Randomized Sketches for Kernels: Fast and Optimal Non-Parametric Regression
The paper tackles the computational inefficiency inherent in Kernel Ridge Regression (KRR) by proposing a novel approximation technique leveraging randomized sketches. KRR is a robust method for non-parametric regression in reproducing kernel Hilbert spaces (RKHS), yet its applicability is often hampered by computational demands, with time complexity scaling as O(n3) and space complexity as O(n2). This computational overhead becomes prohibitive as the sample size n increases.
The authors address this challenge by introducing a method to approximate KRR using m-dimensional randomized sketches of the kernel matrix. Such an approach seeks to lessen computation while retaining minimax optimality. The core problem tackled is determining how small the sketch dimension m can be chosen and still preserve the statistical optimality of the approximation.
Methodological Overview
Several types of randomized sketches are explored, including those based on Gaussian random matrices and randomized Hadamard matrices. The essential insight is that it suffices to choose m proportional to the statistical dimension of the kernel matrix, modulated by logarithmic factors, thus circumventing the costly full-rank computation and still achieving minimax optimality.

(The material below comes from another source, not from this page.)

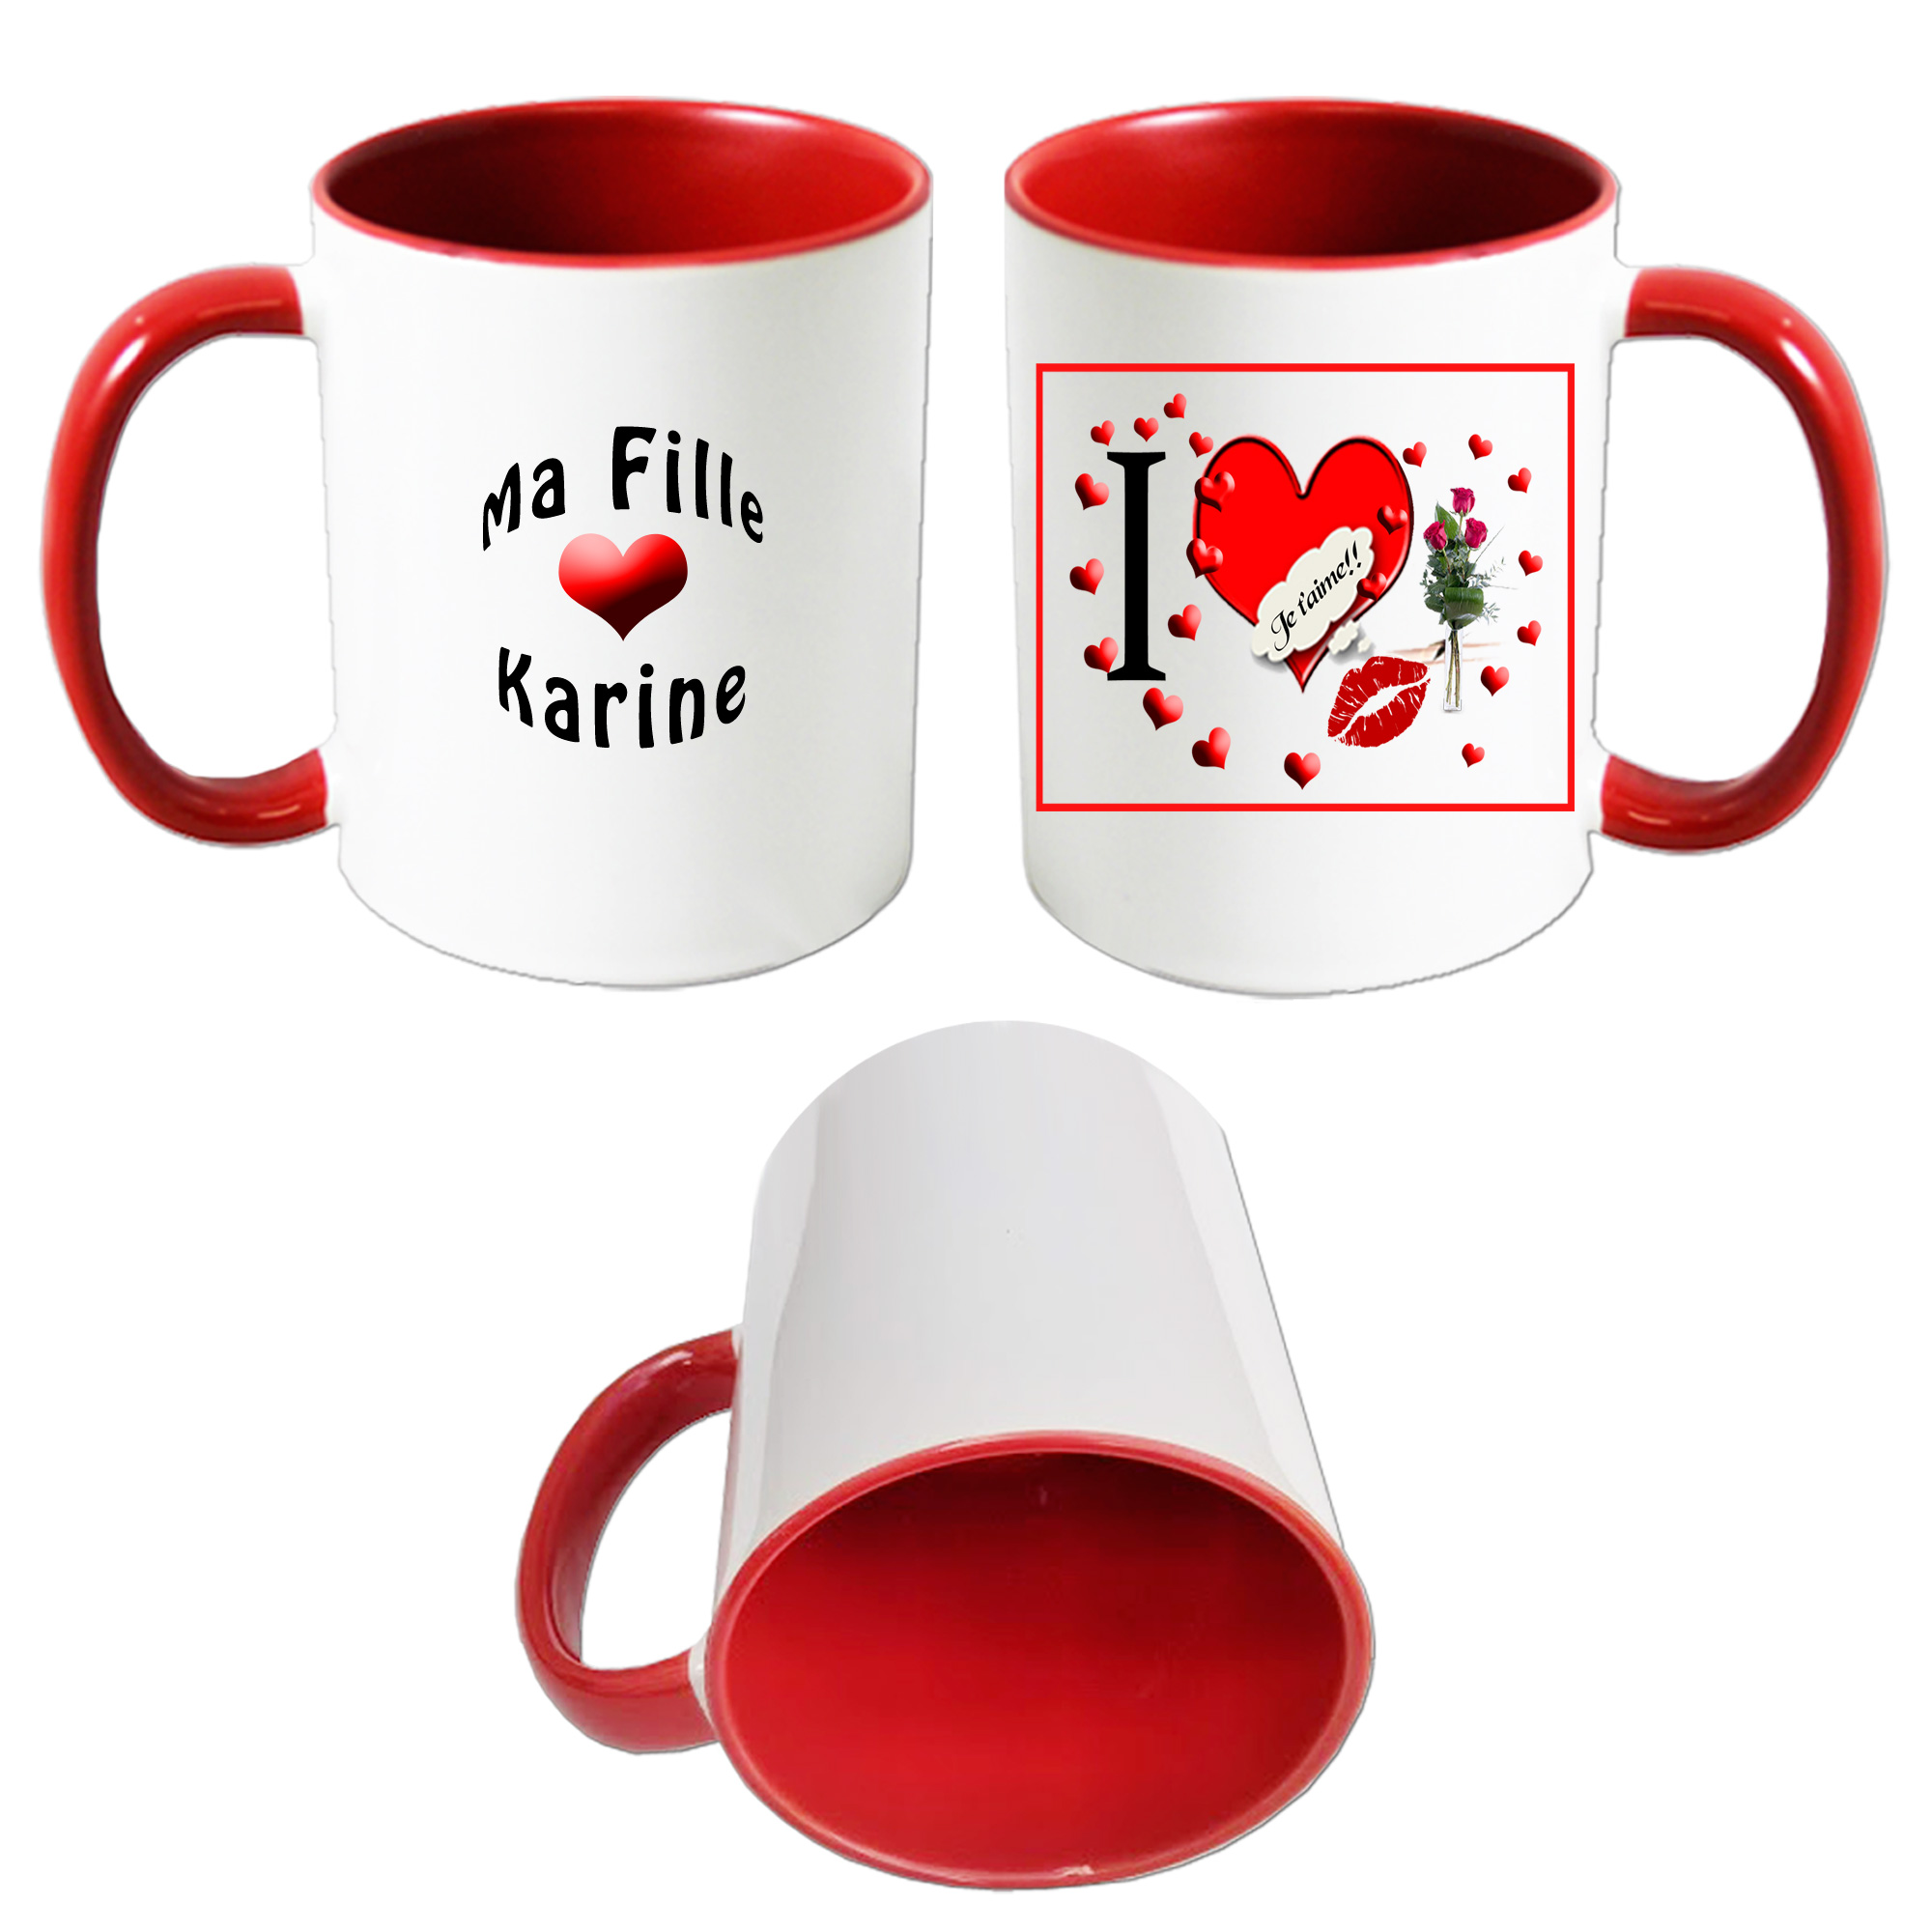 mafille-famille-mug-rouge-personnalisable-coeur-love-amour-phrase-rectangle-prenom-karine

The kernel's statistical dimension is pivotal in assessing approximation efficacy—it quantifies the kernel matrix's effective degrees of freedom. Incorporating this notion, the paper scrutinizes different sketch types:
- Sub-Gaussian Sketches: Utilizing matrices with i.i.d. zero-mean 1-sub-Gaussian rows, where the dimension can be scaled directly with the statistical dimension.
- ROS Sketches: Employing randomized orthogonal system sketches (e.g., Hadamard or discrete Fourier transform matrices) scaled with logarithmic factors.

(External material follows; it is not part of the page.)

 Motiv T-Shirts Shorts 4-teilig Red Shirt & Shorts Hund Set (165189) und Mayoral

Empirical and Theoretical Results
The authors provide a rigorous theoretical foundation, proving that for Gaussian and ROS sketches, the sketched KRR retains minimax optimality within the outlined dimensionality conditions. Simulation results demonstrate these theoretical predictions, verifying that the sketched regression function approaches the performance of the original KRR across various kernel classes, including polynomial and Gaussian kernels, and Sobolev spaces.
The paper further contrasts their method with Nystr\"{o}m-based approaches, which form low-rank approximations to the kernel matrix. It's shown that Nystr\"{o}m methods can fare poorly with irregular data distributions due to their dependency on column sampling, unlike the randomized sketches proposed.

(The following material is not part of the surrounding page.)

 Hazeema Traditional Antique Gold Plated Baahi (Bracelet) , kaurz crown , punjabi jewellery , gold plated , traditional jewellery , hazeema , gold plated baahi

Implications and Future Directions
The implications of this work are noteworthy for computationally efficient statistical estimation in large-scale settings, where reducing time and space complexity without sacrificing statistical performance is crucial. The authors' approach provides a robust avenue for future studies into randomized sketch application in other high-dimensional statistical estimation tasks, potentially extending beyond regression problems.
In conclusion, by leveraging randomized sketching methods and focusing on the kernel matrix's statistical dimension, the paper provides compelling evidence and a theoretical groundwork for efficiently approximating KRR. This contributes significantly to the field’s growing interest in scaling non-parametric methods to large data applications.